Hal ini dapat terlihat dari aktifitas berfilsafat dan berdoa. Telah berulang
kali Bapak Marsigit mengatakan bahwa kegiatan berfilsafat hendaknya dapat
meningkatkan tingkat atau derajat keimanan seseorang. jangan sampai kegiatan
berfilsafat justru menjauhkan seseorang dari iman. Beliau menganjurkan bahwa
ketika satu kali melakukan kegiatan berfilsafat, maka hendaknya diimbangi
dengan 10 kali berdoa.
4. Antara
takdir dan ikhtiar
Hakikatnya, semua manusia pasti
diberikan karunia oleh Tuhan. Tidak ada hal sekecil apapun yang tidak berharga.

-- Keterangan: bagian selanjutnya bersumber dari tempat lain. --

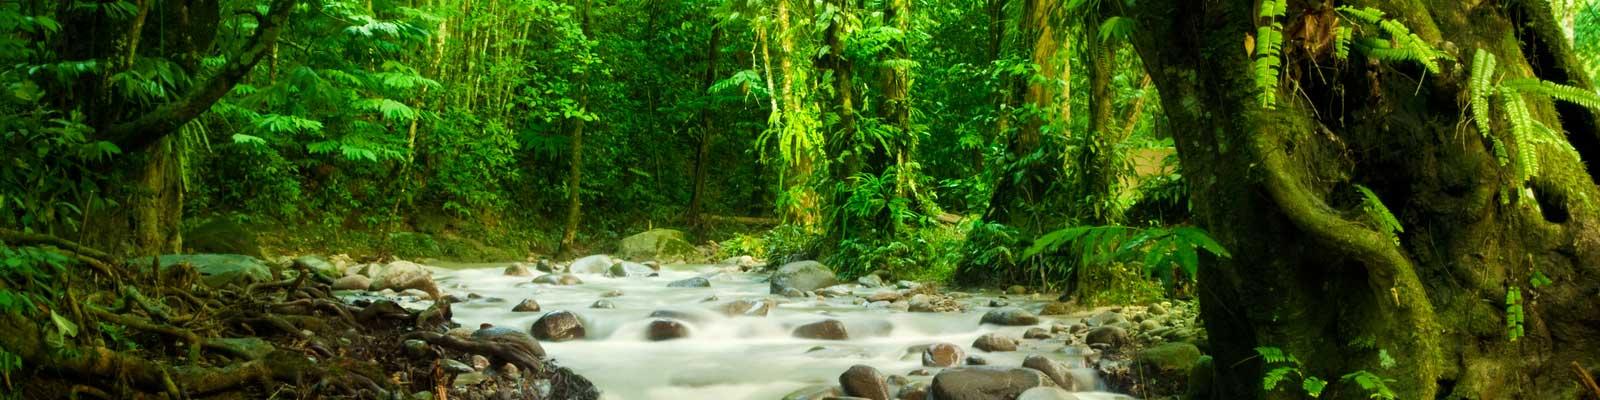 Cachoeira nas Pedras Costa Rica Hotel, Resort, Passar as ferias.
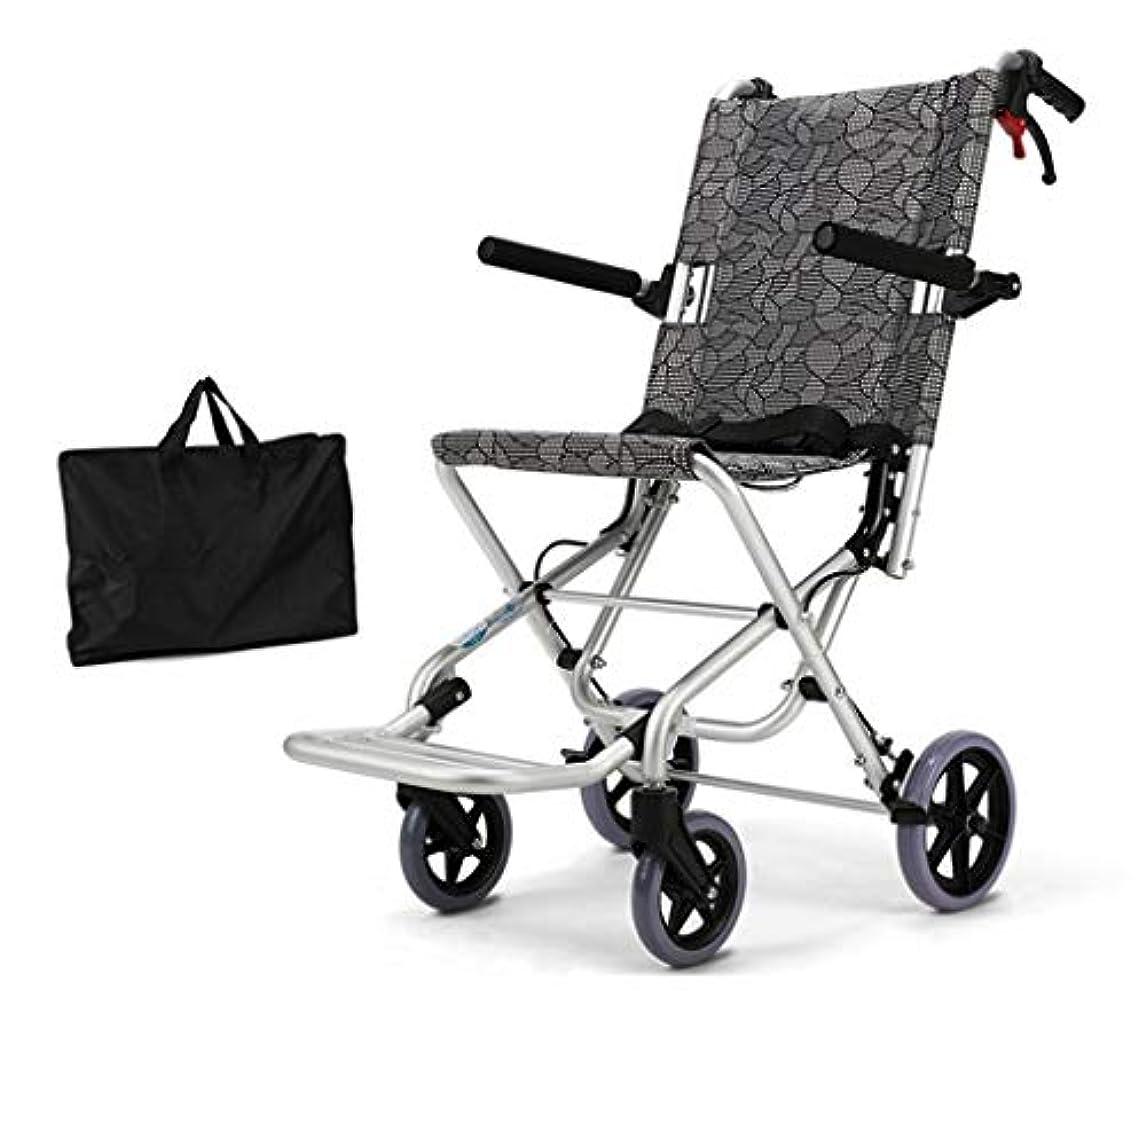 暗唱する意義を除く車椅子用アルミニウム合金折りたたみ式、高齢者障害者用ポータブルプッシュ車椅子

Tidak ada sedikitpun yang bukan merupakan karunia. Semua hal yang ada dan yang
mungkin ada di dunia ini secara spiritual berarti sebagai karunia_Nya. Ketika
seseorang berdoa memohon segala sesuatu, namun masih belum dikabulkan dan
usahanya masih gagal, itu bukan berarti tidak diberikan karunia oleh Tuhan. Gagal
ataupun berhasil, segala sesuatu yang telah terjadi itu merupakan yang terbaik,
karena kepercayaan terhadap takdir. Hal ini diperkuat oleh psikologi, bahwa
kegagalan merupakan suatu keberhasilan yang tertunda. Pada prakteknya, ikhtiar
atau usaha sangat penting dilaksanakan, namun pada akhirnya, tetap takdir yang
menentukan yang akan terjadi.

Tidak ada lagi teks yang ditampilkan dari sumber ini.